*** AVAILABLE RECORDS

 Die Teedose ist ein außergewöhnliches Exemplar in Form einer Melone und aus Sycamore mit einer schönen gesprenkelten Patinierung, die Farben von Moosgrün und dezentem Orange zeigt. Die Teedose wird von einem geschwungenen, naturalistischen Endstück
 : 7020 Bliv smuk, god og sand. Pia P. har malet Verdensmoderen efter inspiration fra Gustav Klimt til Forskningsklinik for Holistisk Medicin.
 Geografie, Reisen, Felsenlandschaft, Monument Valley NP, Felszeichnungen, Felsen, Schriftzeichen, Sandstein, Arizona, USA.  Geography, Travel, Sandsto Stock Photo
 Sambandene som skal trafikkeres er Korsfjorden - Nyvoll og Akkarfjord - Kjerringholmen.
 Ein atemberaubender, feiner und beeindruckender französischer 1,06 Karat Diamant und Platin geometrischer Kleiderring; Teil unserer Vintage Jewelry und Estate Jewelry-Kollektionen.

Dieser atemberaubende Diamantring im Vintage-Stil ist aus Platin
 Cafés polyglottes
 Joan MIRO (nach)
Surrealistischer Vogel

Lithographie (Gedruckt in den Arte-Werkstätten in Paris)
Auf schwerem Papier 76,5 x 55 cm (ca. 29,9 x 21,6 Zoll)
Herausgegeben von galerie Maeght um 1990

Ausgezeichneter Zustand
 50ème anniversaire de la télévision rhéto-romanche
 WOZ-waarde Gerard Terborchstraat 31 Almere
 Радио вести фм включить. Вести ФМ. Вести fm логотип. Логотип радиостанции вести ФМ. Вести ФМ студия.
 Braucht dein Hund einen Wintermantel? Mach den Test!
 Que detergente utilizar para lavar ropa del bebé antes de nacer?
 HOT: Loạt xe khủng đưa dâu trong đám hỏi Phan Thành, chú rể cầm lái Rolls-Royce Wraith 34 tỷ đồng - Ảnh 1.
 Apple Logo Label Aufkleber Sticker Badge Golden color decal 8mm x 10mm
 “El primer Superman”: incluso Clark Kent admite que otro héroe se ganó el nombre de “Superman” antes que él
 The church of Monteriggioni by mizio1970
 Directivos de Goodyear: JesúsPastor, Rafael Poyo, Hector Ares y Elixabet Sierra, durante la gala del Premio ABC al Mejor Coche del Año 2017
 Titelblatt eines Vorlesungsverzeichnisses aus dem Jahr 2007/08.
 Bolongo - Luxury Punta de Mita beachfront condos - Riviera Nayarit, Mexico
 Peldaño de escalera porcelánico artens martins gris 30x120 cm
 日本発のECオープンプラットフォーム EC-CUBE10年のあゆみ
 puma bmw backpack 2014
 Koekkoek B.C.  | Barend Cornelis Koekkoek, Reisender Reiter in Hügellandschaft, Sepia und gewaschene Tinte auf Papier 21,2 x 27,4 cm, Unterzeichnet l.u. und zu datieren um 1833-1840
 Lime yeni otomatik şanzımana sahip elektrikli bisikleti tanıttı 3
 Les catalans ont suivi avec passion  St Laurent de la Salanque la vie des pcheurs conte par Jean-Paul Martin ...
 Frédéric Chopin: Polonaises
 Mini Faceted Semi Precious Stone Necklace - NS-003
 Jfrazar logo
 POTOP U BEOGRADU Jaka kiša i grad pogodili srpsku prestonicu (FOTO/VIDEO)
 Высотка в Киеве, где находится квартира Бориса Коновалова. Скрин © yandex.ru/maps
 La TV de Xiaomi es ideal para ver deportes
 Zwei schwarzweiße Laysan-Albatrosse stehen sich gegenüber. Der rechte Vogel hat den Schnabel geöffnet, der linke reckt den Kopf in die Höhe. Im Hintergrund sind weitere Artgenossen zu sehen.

******

EXERCISE DIRECTIONS: Reproduce the lines of the entries above from the one with "Braucht dein Hund" to the one with "Titelblatt eines Vorlesungsverzeichnisses", both included, exactly and without any other line.

RESPONSE:
 Braucht dein Hund einen Wintermantel? Mach den Test!
 Que detergente utilizar para lavar ropa del bebé antes de nacer?
 HOT: Loạt xe khủng đưa dâu trong đám hỏi Phan Thành, chú rể cầm lái Rolls-Royce Wraith 34 tỷ đồng - Ảnh 1.
 Apple Logo Label Aufkleber Sticker Badge Golden color decal 8mm x 10mm
 “El primer Superman”: incluso Clark Kent admite que otro héroe se ganó el nombre de “Superman” antes que él
 The church of Monteriggioni by mizio1970
 Directivos de Goodyear: JesúsPastor, Rafael Poyo, Hector Ares y Elixabet Sierra, durante la gala del Premio ABC al Mejor Coche del Año 2017
 Titelblatt eines Vorlesungsverzeichnisses aus dem Jahr 2007/08.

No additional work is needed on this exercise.